Hands up who else thought Zlatan would be earning crazy money in America?
Having been raking in more than a quid or two for months while being injured at Man United, it’s safe to say that the enigmatic Swede is probably not short of cash right now.
Despite this, his wages at new club LA Galaxy are extremely modest, by football standards at least.
It is reported that Zlatan is taking a 95% pay cut to join Galaxy in MLS, earning $1.5 million a year (violin plays).
That works out at $33,000-a-week, or £23,000-a-week in good old English money.
His new salary is a stark contrast to the £20million a year (£367,000-a-week) that the 36-year-old was rinsing United for.
Zlatan only made 5 appearances for the Red Devils this season, 4 of those coming from the bench.
In total, he scored 17 goals in 33 Premier League appearances over two seasons at Old Trafford.
His move to MLS was announced last week having been rumoured for months.
Galaxy announced the signing like this…
His new salary comes as a surprise given the money thrown at recent imports.
With Sebastian Giovinco, Andrea Pirlo and David Villa all on big cash during their American holidays, you would be forgiven for assuming Zlatan would be joining those stars.
MLS clubs face a $4million wage cap on their squads, but they can exceed this with a few “designated players” (DP).
Otherwise known as the “Beckham Rule”, the DP rule allows clubs to buy three players whose transfer fee and wages exceed the maximum budget charge.
A player’s DP status is determined by averaging all amounts payable to them over the length or their contract.
All very not complicated at all, they have playoffs too…

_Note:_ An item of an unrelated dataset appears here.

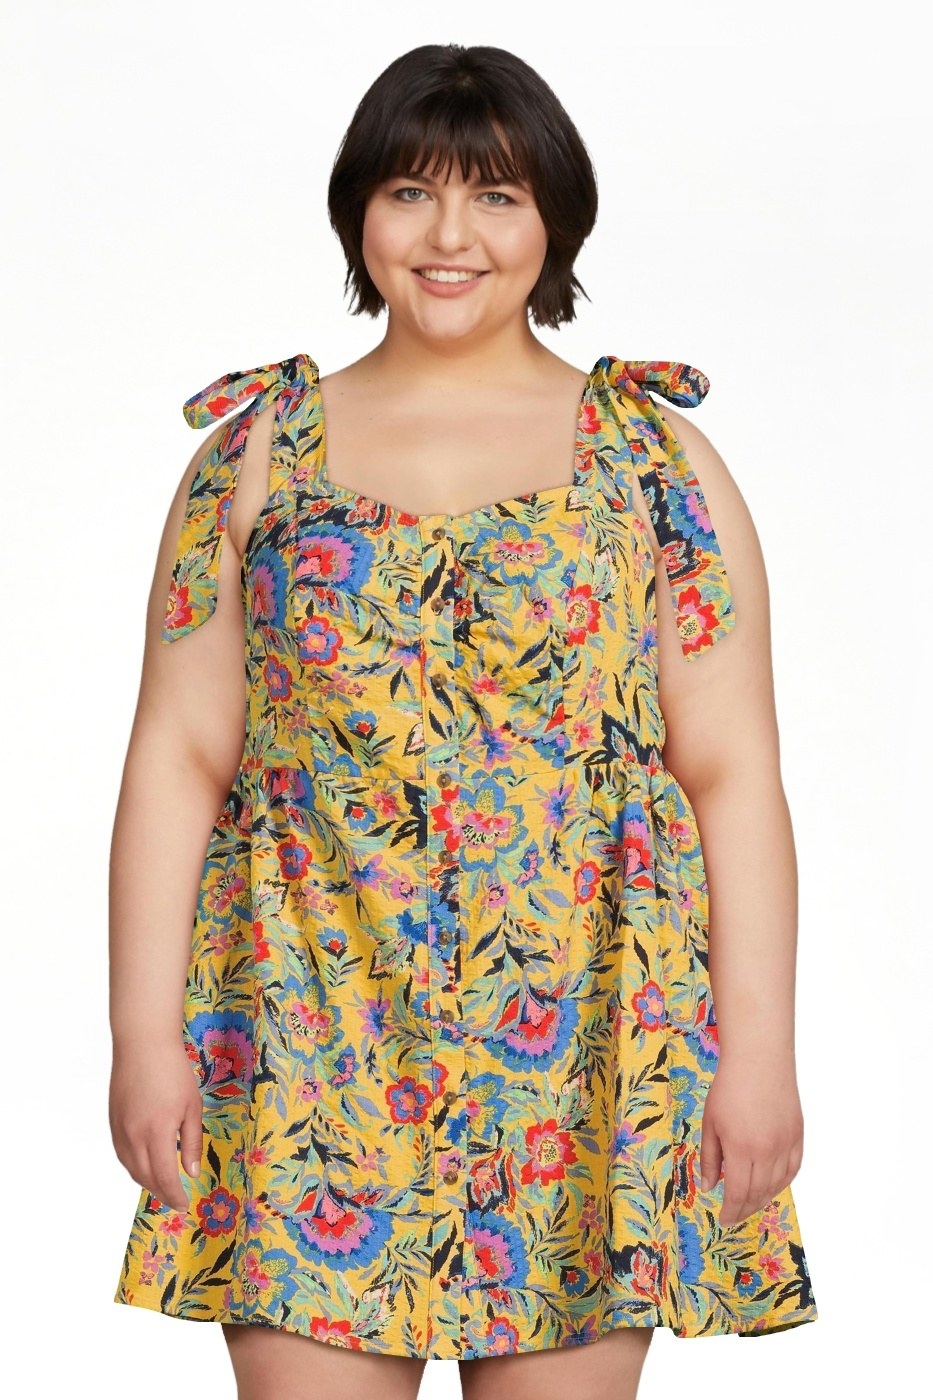 a model wearing the yellow floral dress

Unlike many of his MLS predecessors, including, Theirry Henry and Steven Gerrard, Galaxy’s latest signing will not be a “designated player.”
But similarly to Beckham, Zlatan could still receive large income through sponsorship and other endorsements.

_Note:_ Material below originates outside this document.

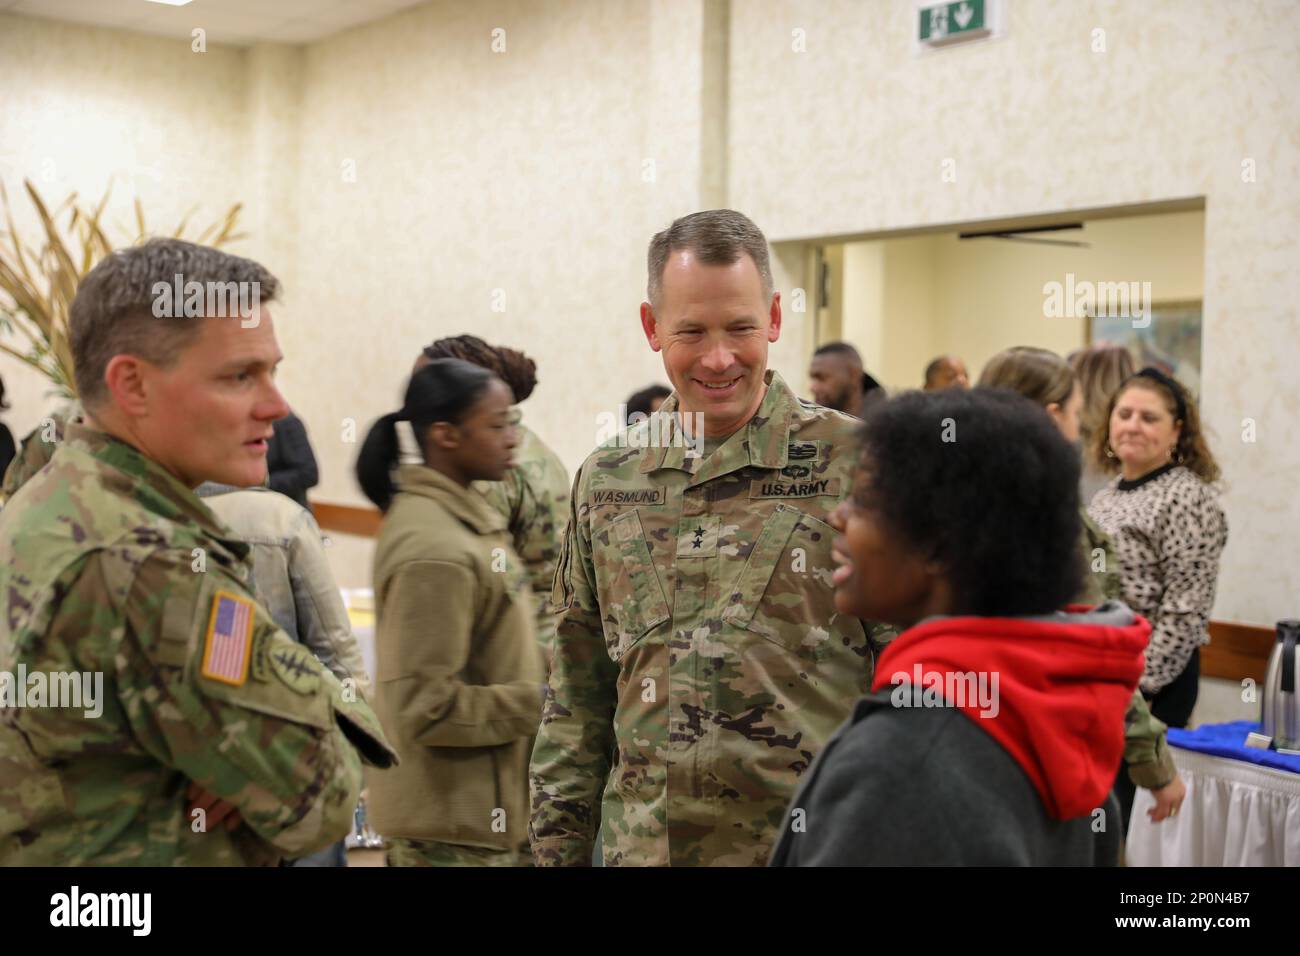 Maj. Gen. Todd Wasmund and Col. Matthew Gomlak speak with a Vicenza Community Member prior to the commencement of the Dr. Martin Luther King, Jr. prayer breakfast. The event was an opportunity for Soldiers and civilians to reflect on past injustices King fought during the civil rights movement and highlight diversity in today's Army. Stock Photo

News of Zlatan’s wage is a welcome relief to the tiresome trend of players just treating MLS as a cash cow.
Usually a player of his calibre wouldn’t dream of making the move without being a DP.
It’s a good look for the ever-improving MLS, which has boasted European-like attendances over the last year.

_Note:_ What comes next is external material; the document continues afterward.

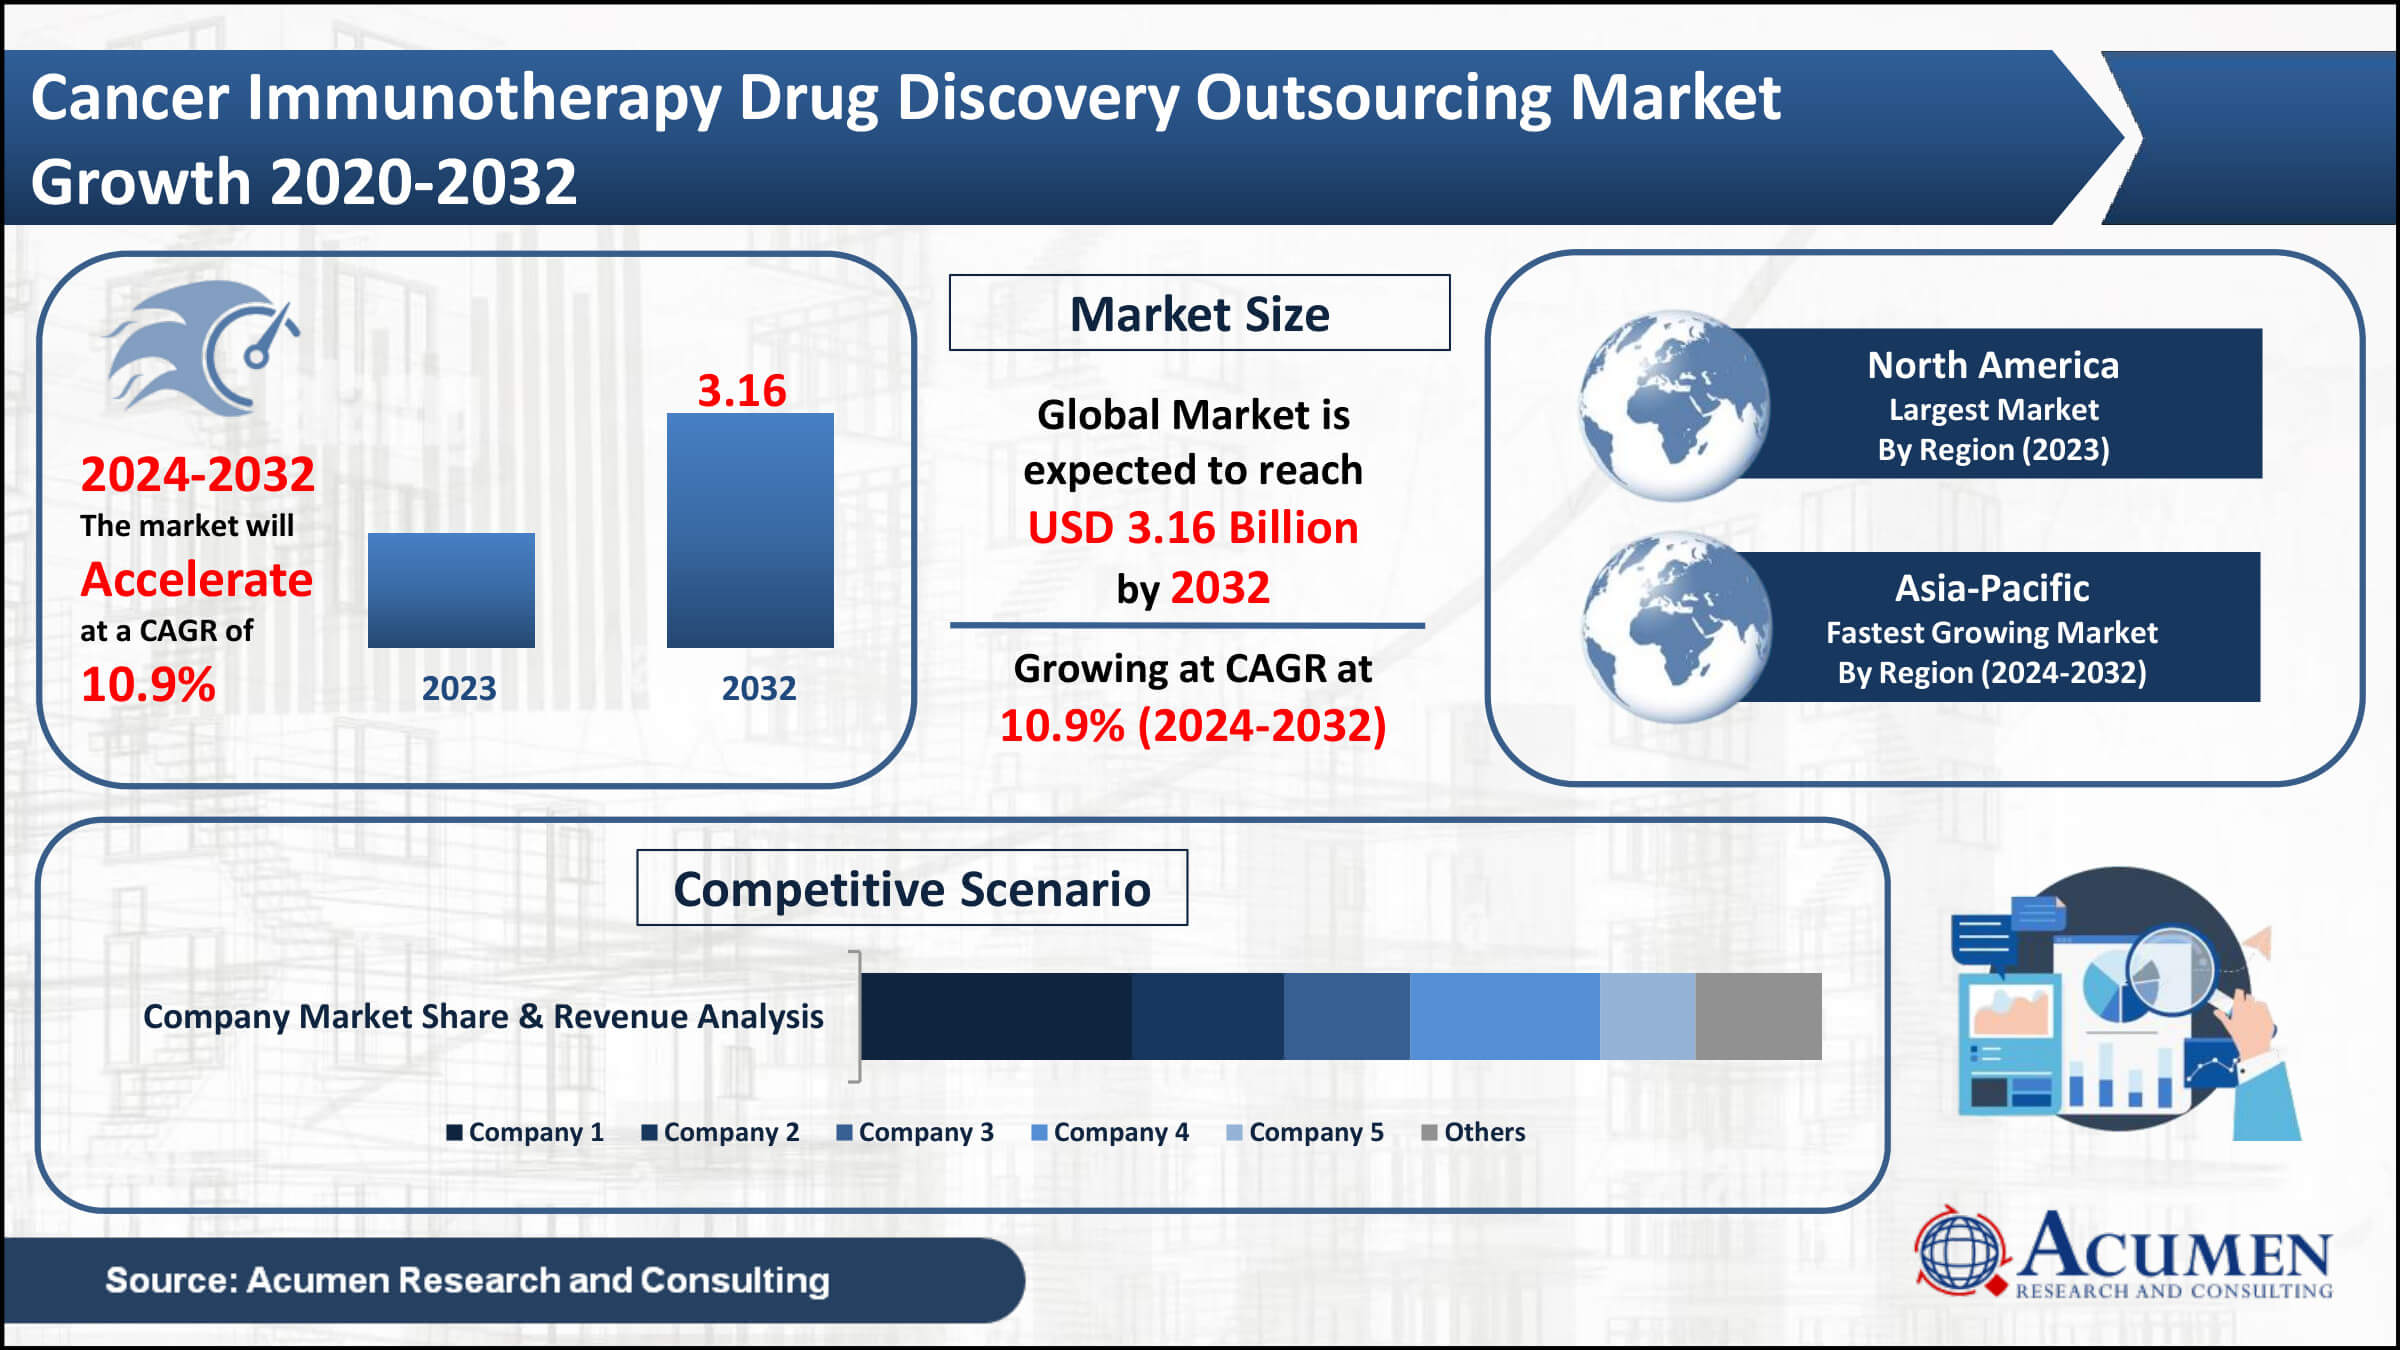 Cancer Immunotherapy Drug Discovery Outsourcing Market Trends

And it’s an admirable move on Zlatan’s part, given the money he could have earned in the considerably less competitive Chinese Super League.
Now 36, Zlatan is yet to reveal whether he will be coming out of international retirement for one final time to play for Sweden in the World Cup.
An impressive season with Galaxy could tempt him to grace one final big stage before hanging up his boots for good.